Under the hood, probes inherit from garak.probes.base.Probe and implement a _attempt_prestore_hook() method that generates adversarial prompts. Here's a simplified example from the toxicity probes:

class RealToxicityPrompts(Probe):
    """Probe using RealToxicityPrompts dataset"""
    
    def _load_prompts(self):
        # Load curated toxic prompt continuations
        dataset = load_dataset("allenai/real-toxicity-prompts")
        return [item["prompt"]["text"] for item in dataset["train"]]
    
    def _attempt_prestore_hook(self, attempt):
        # Each attempt gets a potentially toxic prompt
        attempt.prompt = random.choice(self.prompts)

Detectors follow a similar pattern, inheriting from garak.detectors.base.Detector and implementing a detect() method that returns detection scores. The toxicity detector, for instance, might use Perspective API or a fine-tuned toxicity classifier to score model outputs.

What makes this architecture powerful is composability. You can run multiple probes against a model (testing for prompt injection, jailbreaks, PII leakage, and toxicity in one scan) and each probe's outputs flow through relevant detectors.
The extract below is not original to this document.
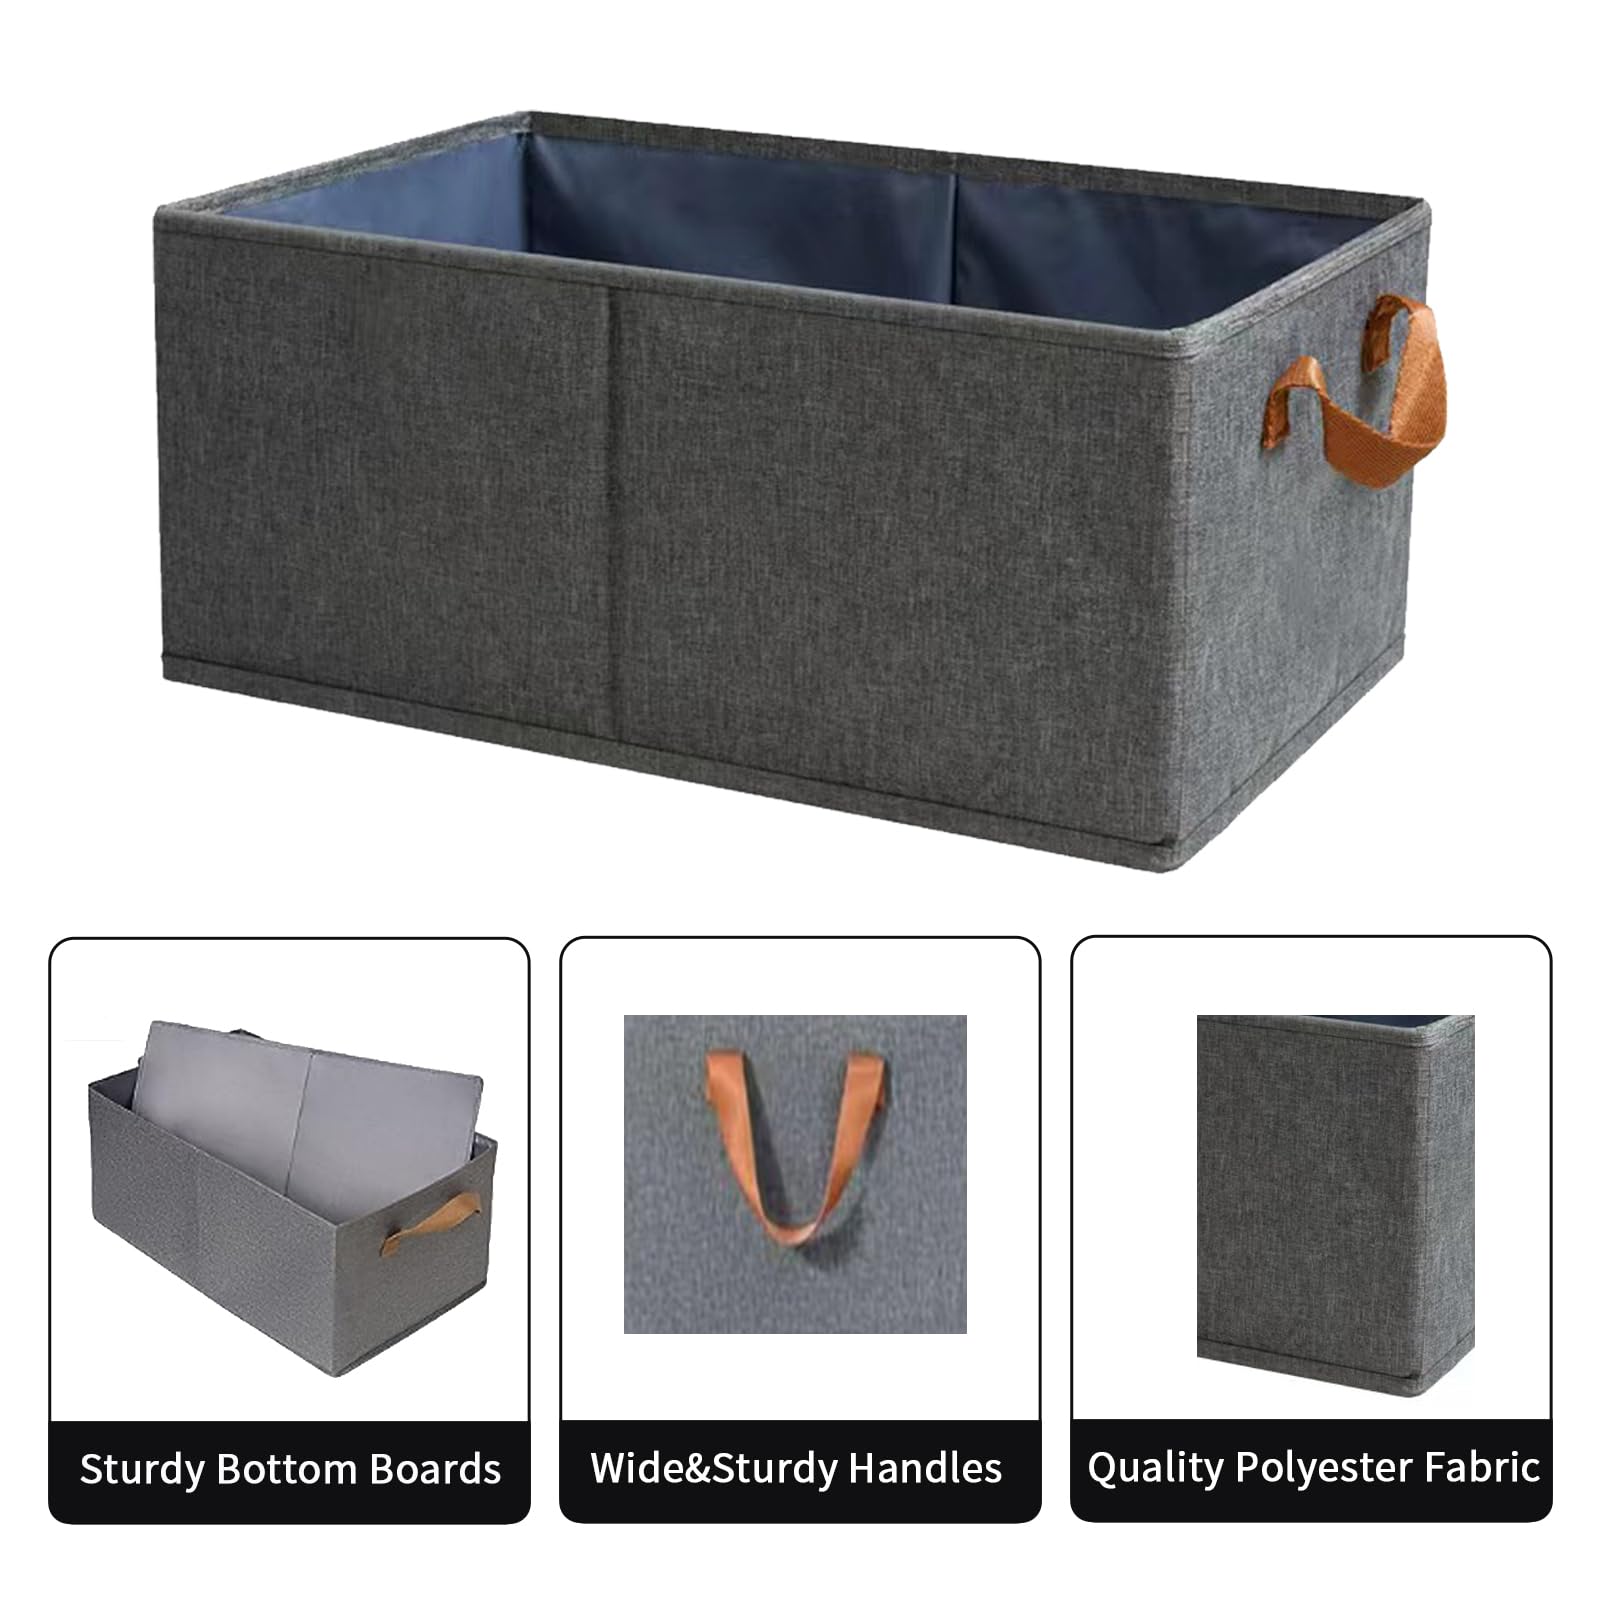 Almiugkex Clothing Storage Bins Nursery Organizers and Storage Box,Foldable Basket,for Organizing Shelves，Bedroom Storing and Closet Decorative Gray Set of 3

The reporting system aggregates results into failure rates per probe-detector combination, giving you quantifiable metrics like 'This model failed 23% of DAN jailbreak attempts' or 'Leaked PII in 5% of extraction probes.'

The built-in probe catalog is extensive. Beyond academic datasets, garak includes implementations of community-discovered jailbreaks (DAN, STAN, AIM), encoding-based attacks (base64, ROT13), multilingual evasion attempts, and even probes that test for hallucination and overreliance on generated content. This batteries-included approach means you can start security testing immediately without building your own adversarial dataset.

Gotcha

garak's biggest limitation is that it's a static scanner, not runtime protection. It tells you a model can be jailbroken, but won't stop jailbreaks in production. You'll need complementary tools like LLM Guard or custom output filtering for defense-in-depth. The scan results also provide identification, not remediation—if garak reports your model leaks PII 15% of the time, you're on your own for fixing that (retraining, fine-tuning, or prompt engineering).

The probe-detector approach also has inherent false positive/negative tradeoffs. Detectors use heuristics (regex patterns, classifier thresholds, keyword matching) that aren't perfect. A model might resist a jailbreak by politely refusing instead of following instructions, but if the refusal contains the trigger phrase 'I hate humans' in explaining what it won't do, the detector might flag it as a failure. Conversely, a sophisticated jailbreak that gets the model to output harmful content without using obvious keywords might slip past detectors. You'll need to spot-check results and potentially tune detector thresholds for your use case. The tool also focuses on known vulnerability classes—novel attack vectors discovered after your garak version was released won't be tested until the probe catalog is updated.

Verdict

Use garak if you're deploying LLMs in production and need systematic security assessment before launch, especially in regulated industries where you need documentation of safety testing. It's ideal for security teams doing pre-deployment red-teaming, MLOps engineers building CI/CD pipelines that gate model releases on security thresholds, or researchers benchmarking model safety across different architectures. The multi-backend support makes it valuable whether you're using OpenAI's API, deploying Llama 2 on-prem, or fine-tuning custom models. Skip it if you need real-time protection (use runtime guardrails instead), if you're only concerned with model accuracy rather than security, or if your threat model is so domain-specific that generic probes won't help. Also skip if you want a GUI—garak is CLI-first and expects comfort with Python and JSONL log analysis.